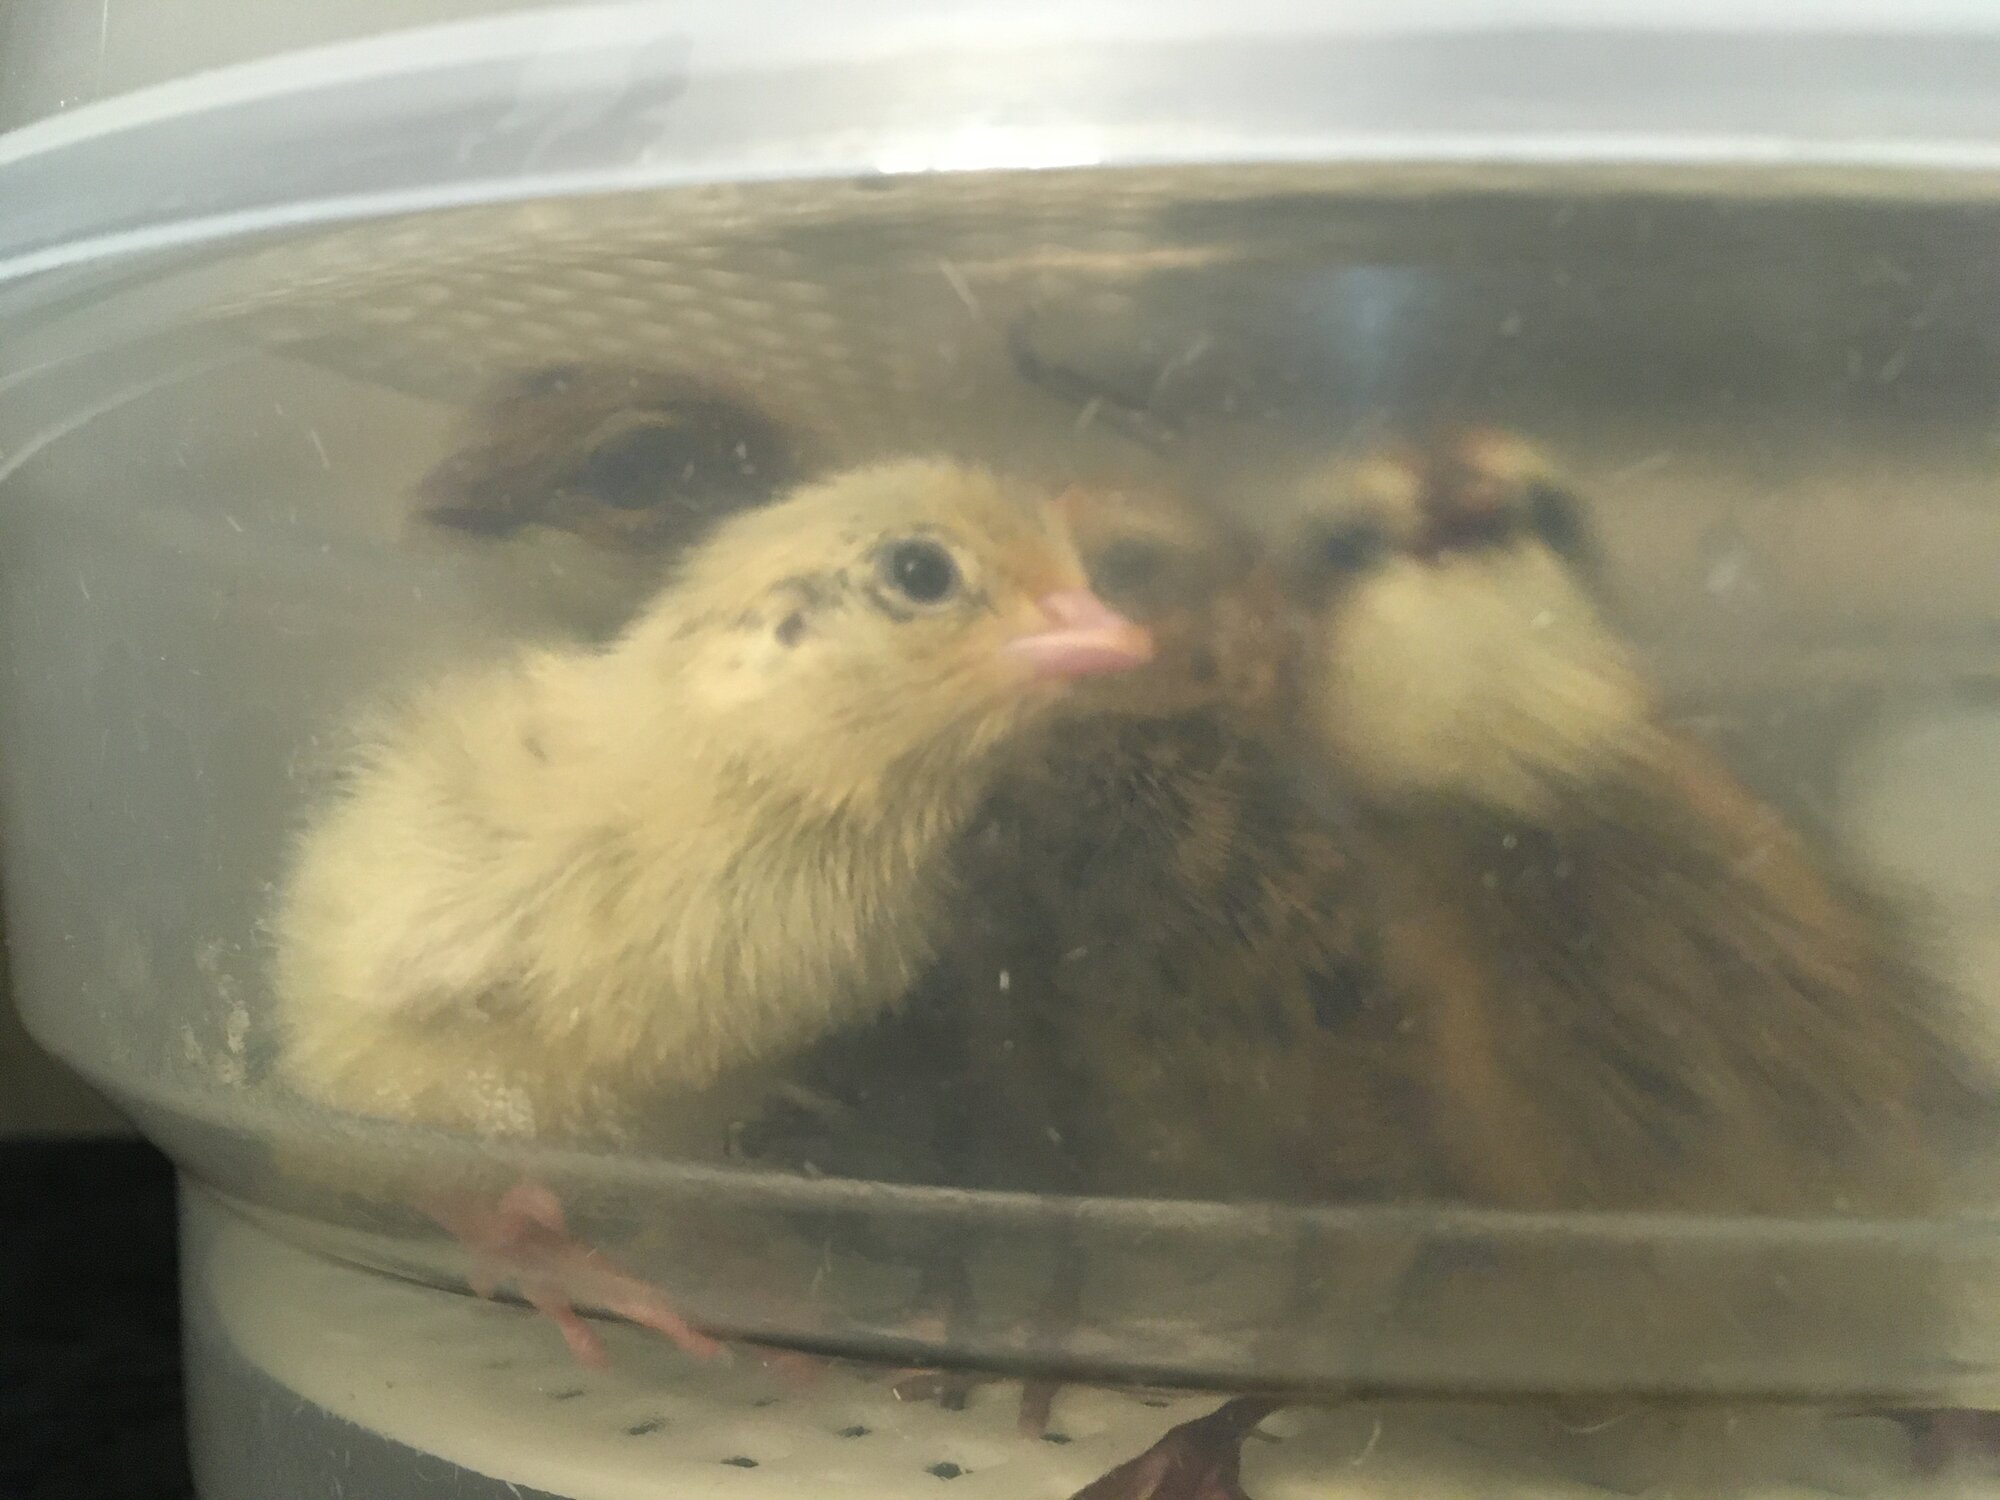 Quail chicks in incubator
...
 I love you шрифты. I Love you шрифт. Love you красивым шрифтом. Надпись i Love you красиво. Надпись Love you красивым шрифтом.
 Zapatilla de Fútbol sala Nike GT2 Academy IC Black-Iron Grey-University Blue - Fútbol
--
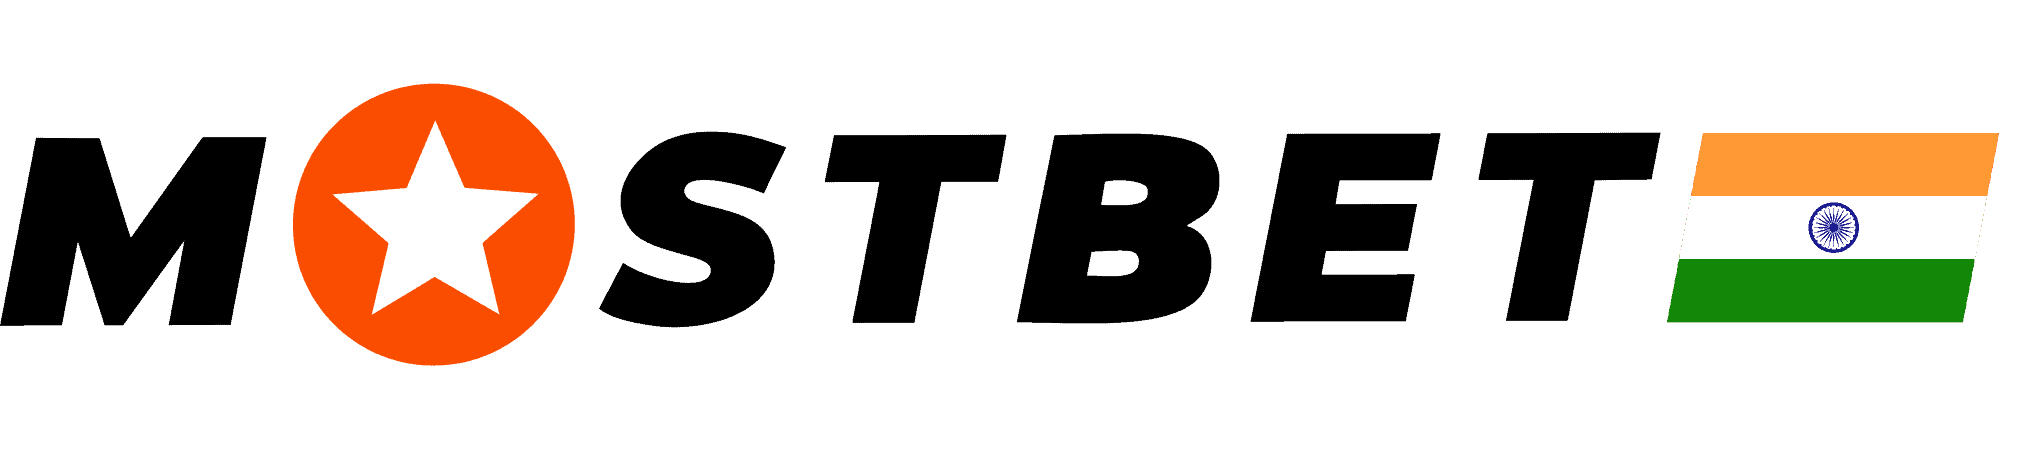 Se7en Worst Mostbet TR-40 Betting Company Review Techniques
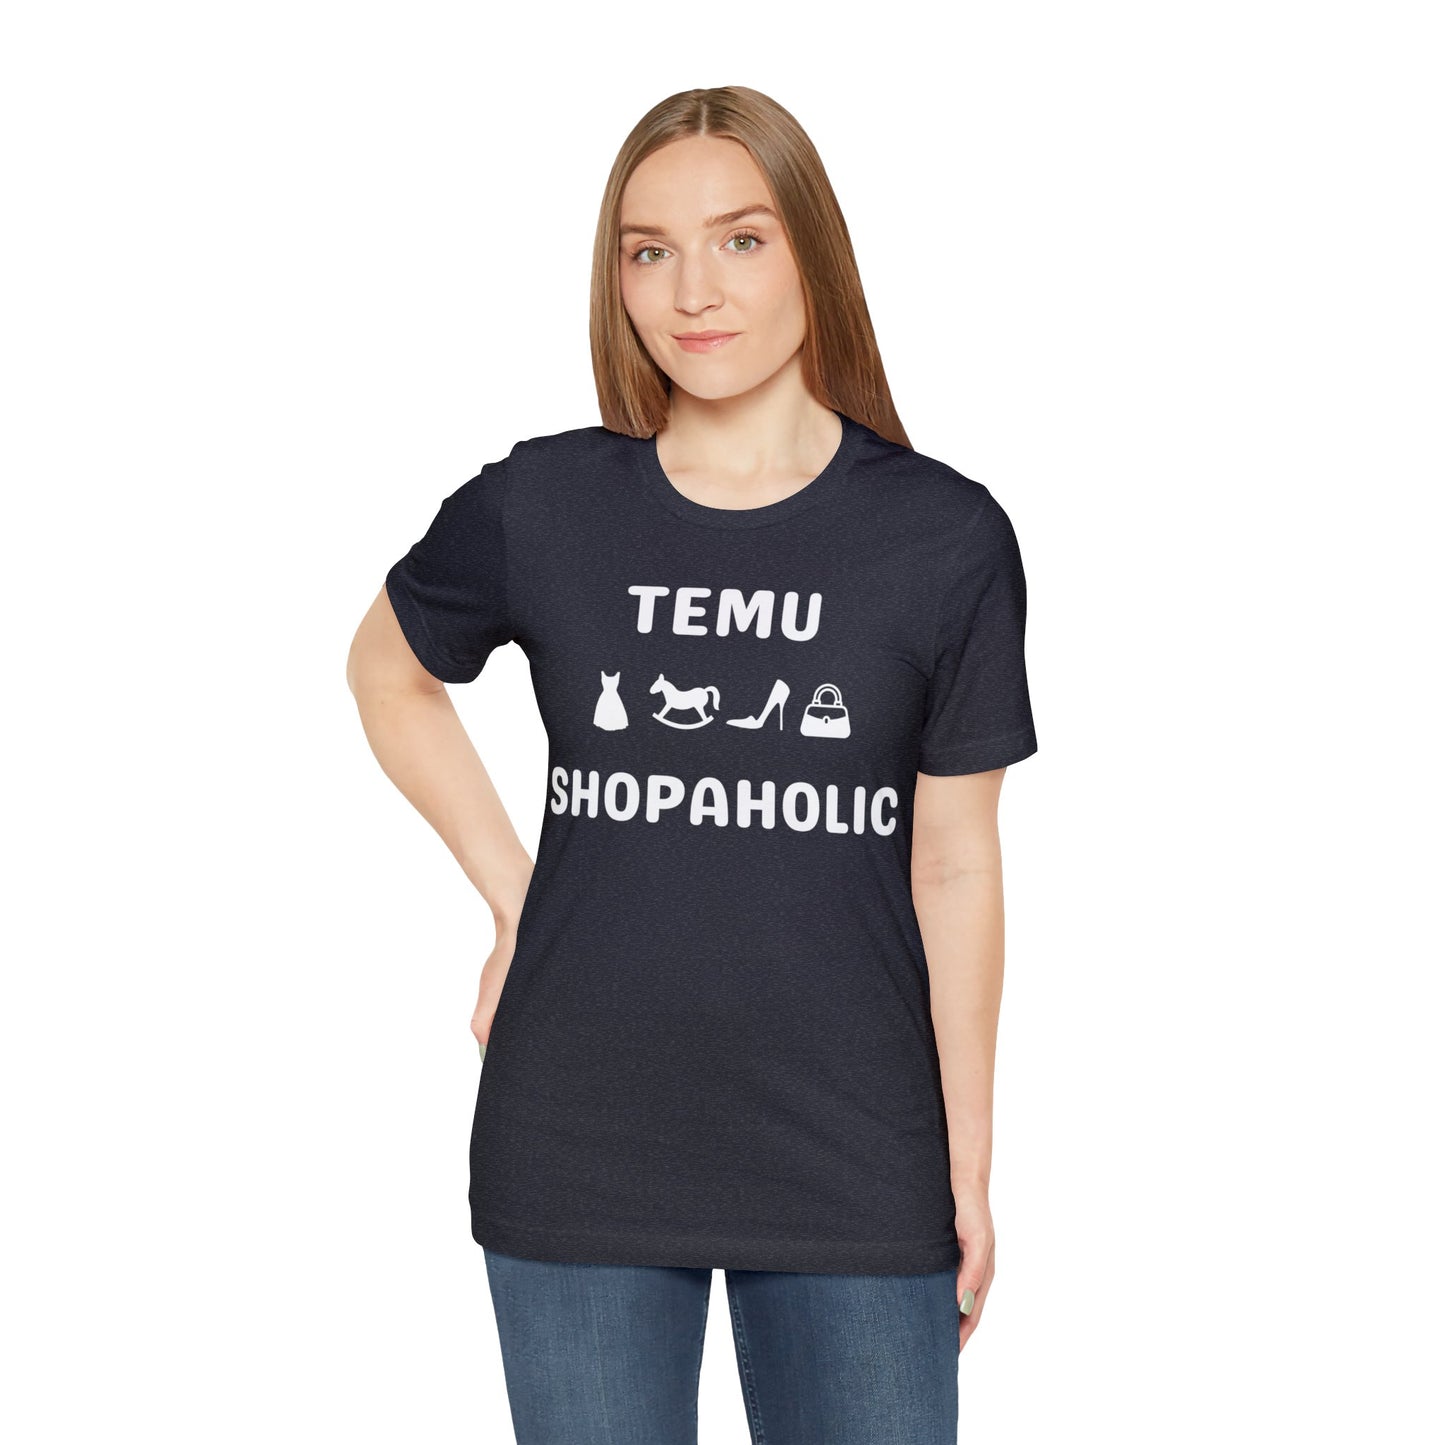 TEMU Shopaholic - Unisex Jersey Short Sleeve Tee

ASSIGNMENT: Leaving every picture aside, reproduce exactly the lines above from the one with "Se7en Worst Mostbet" up to and including the one with "TEMU Shopaholic - Unisex", and no others.

YOUR RESPONSE:
 Se7en Worst Mostbet TR-40 Betting Company Review Techniques
 TEMU Shopaholic - Unisex Jersey Short Sleeve Tee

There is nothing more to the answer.